#### [Information]
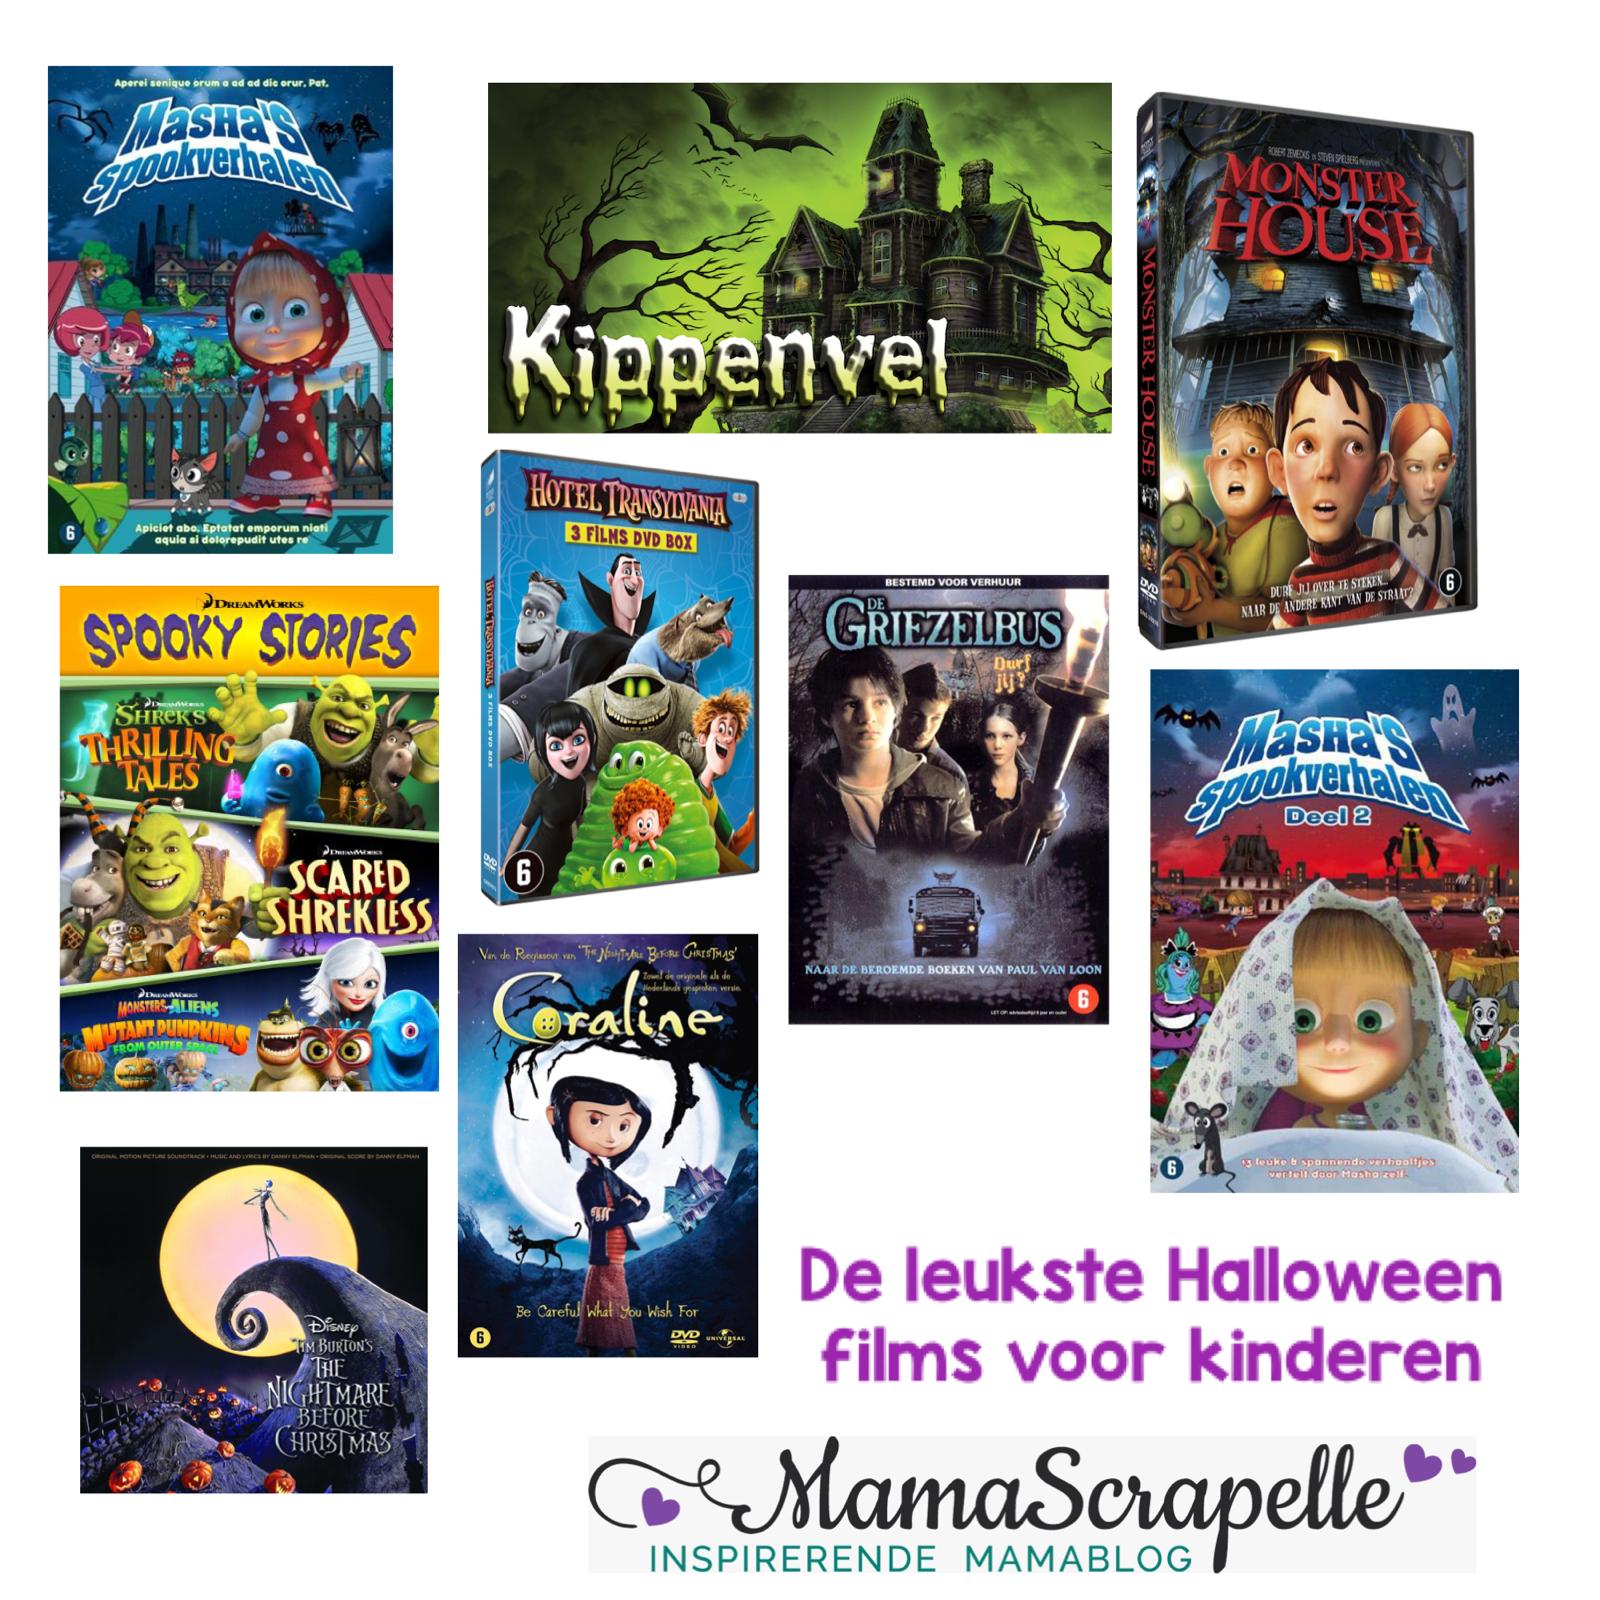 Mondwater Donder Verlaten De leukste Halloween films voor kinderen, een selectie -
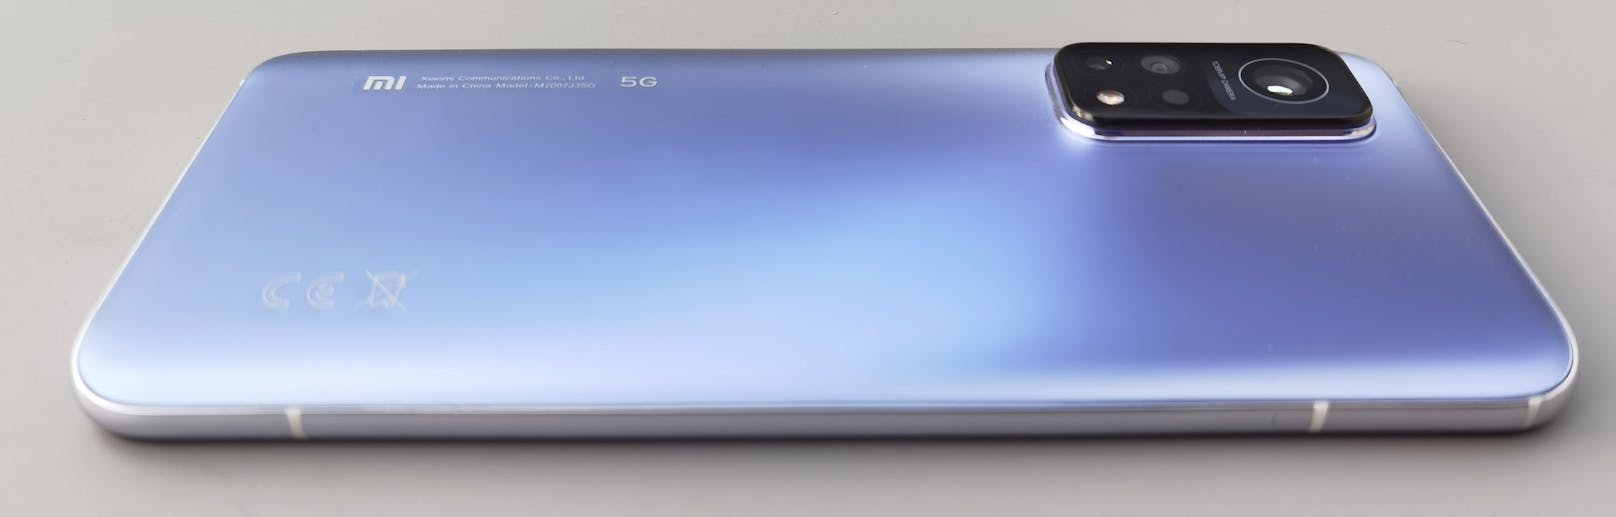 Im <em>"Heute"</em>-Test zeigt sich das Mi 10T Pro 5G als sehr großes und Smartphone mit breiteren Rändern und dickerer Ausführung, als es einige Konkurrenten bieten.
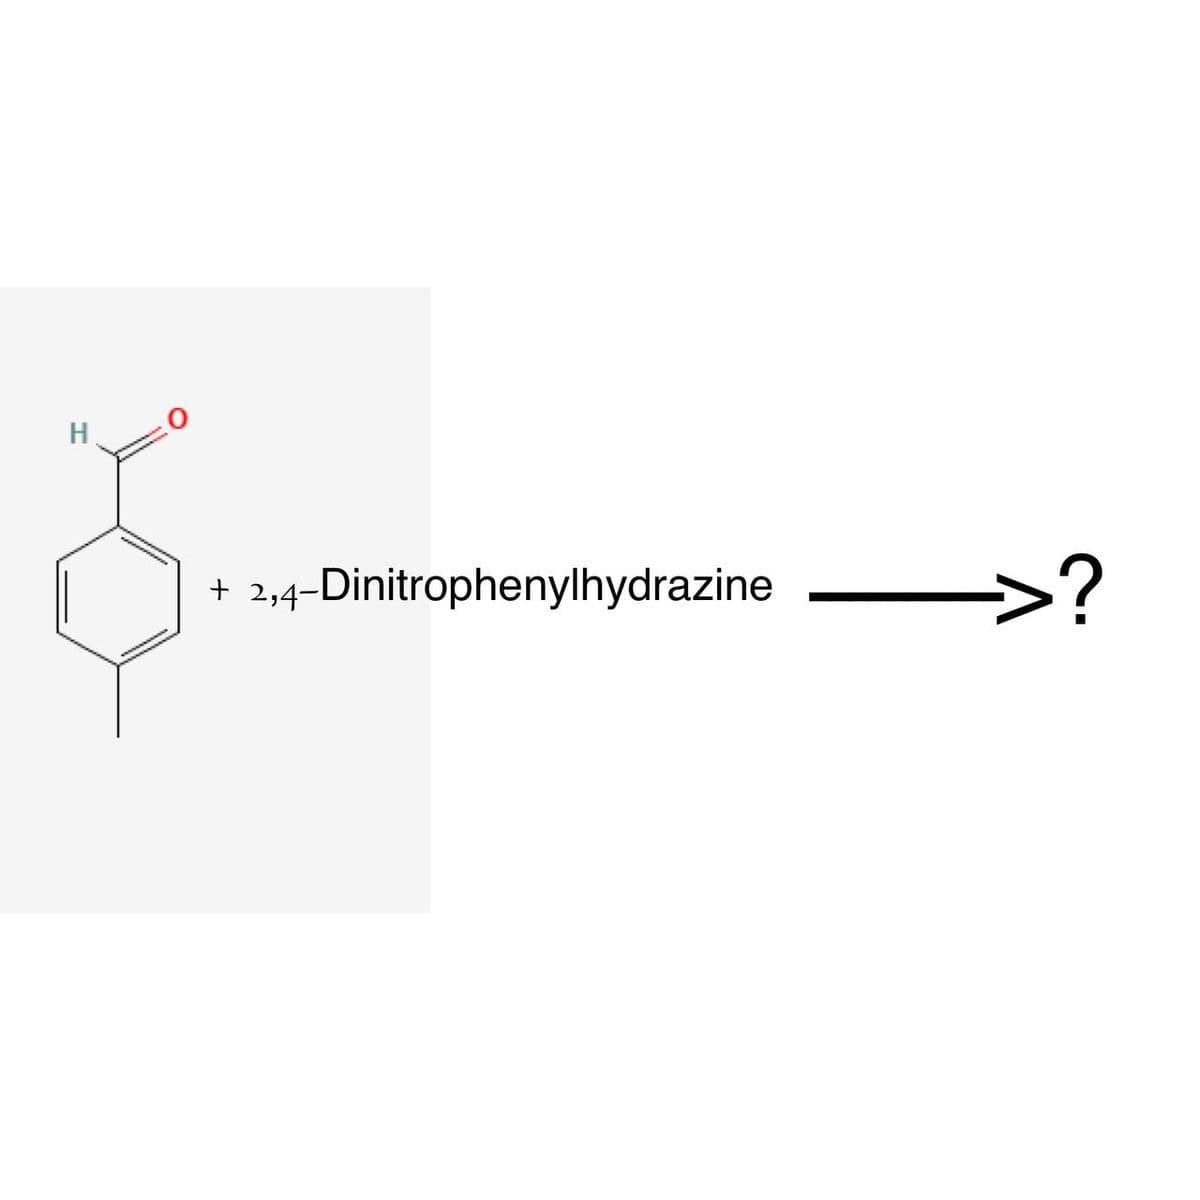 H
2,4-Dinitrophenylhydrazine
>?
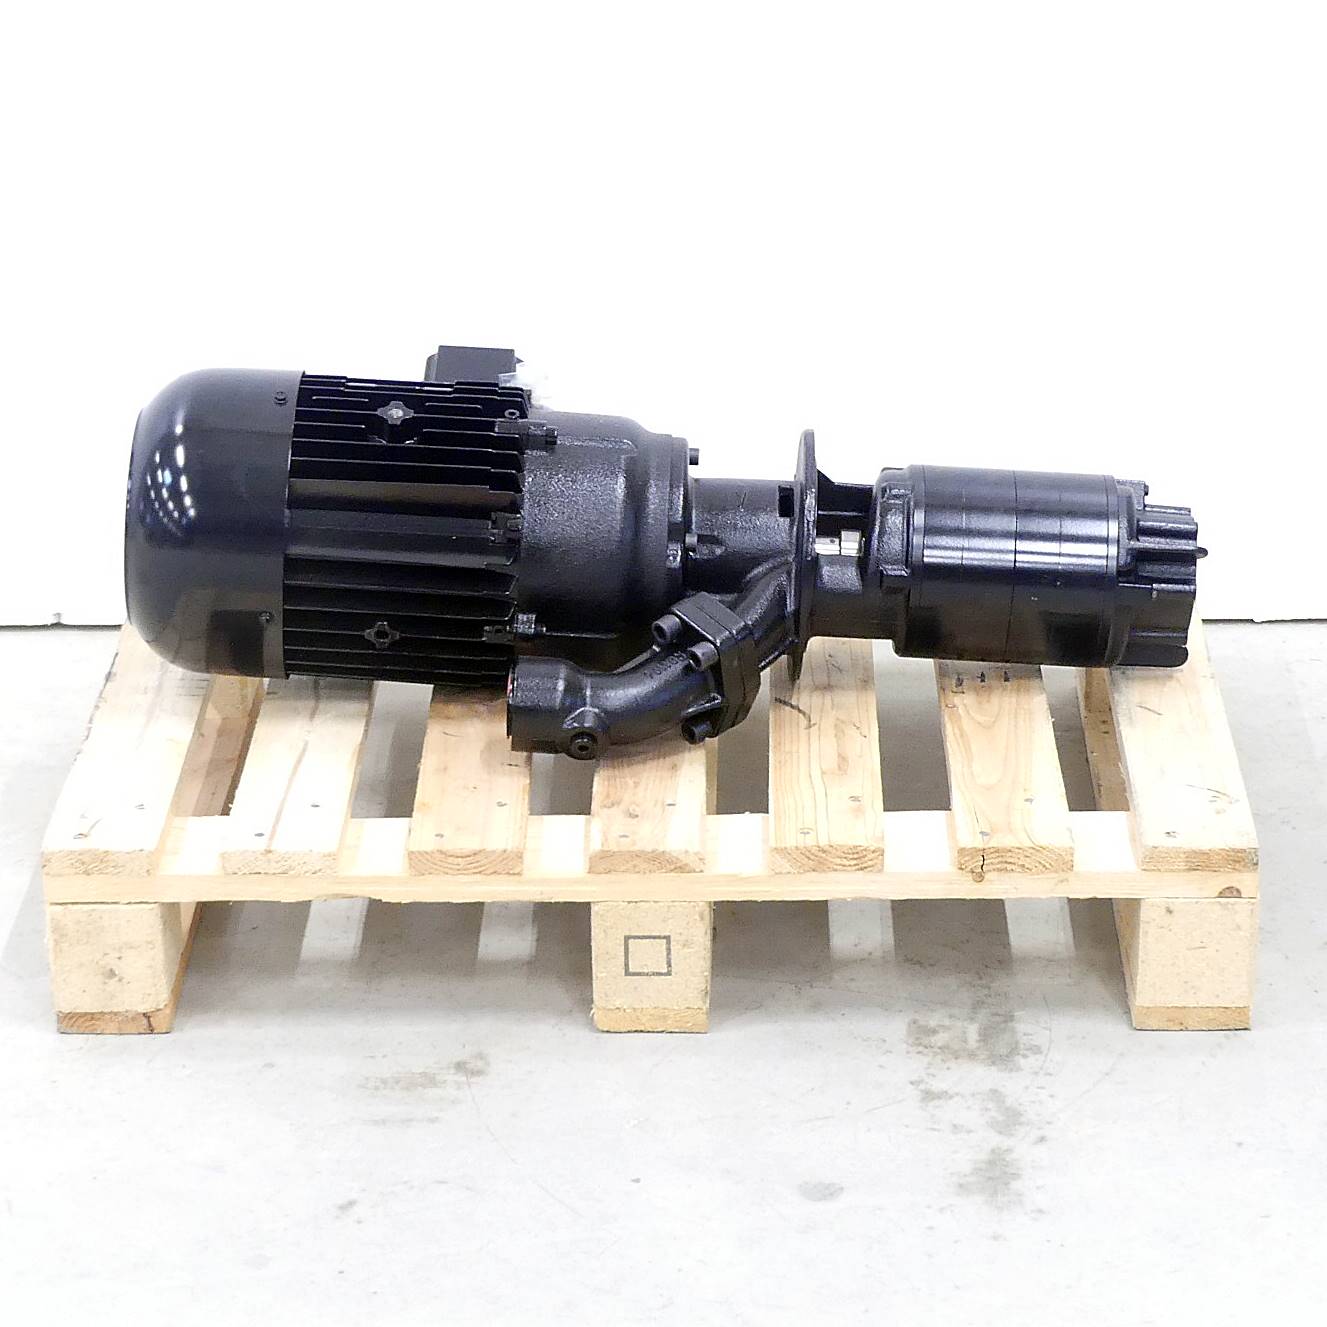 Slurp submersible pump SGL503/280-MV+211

#### [Task]
Copy every line above exactly, leaving no picture in the copy.

#### [Completed exercise]
 Mondwater Donder Verlaten De leukste Halloween films voor kinderen, een selectie -
 Im <em>"Heute"</em>-Test zeigt sich das Mi 10T Pro 5G als sehr großes und Smartphone mit breiteren Rändern und dickerer Ausführung, als es einige Konkurrenten bieten.
 H
2,4-Dinitrophenylhydrazine
>?
 Slurp submersible pump SGL503/280-MV+211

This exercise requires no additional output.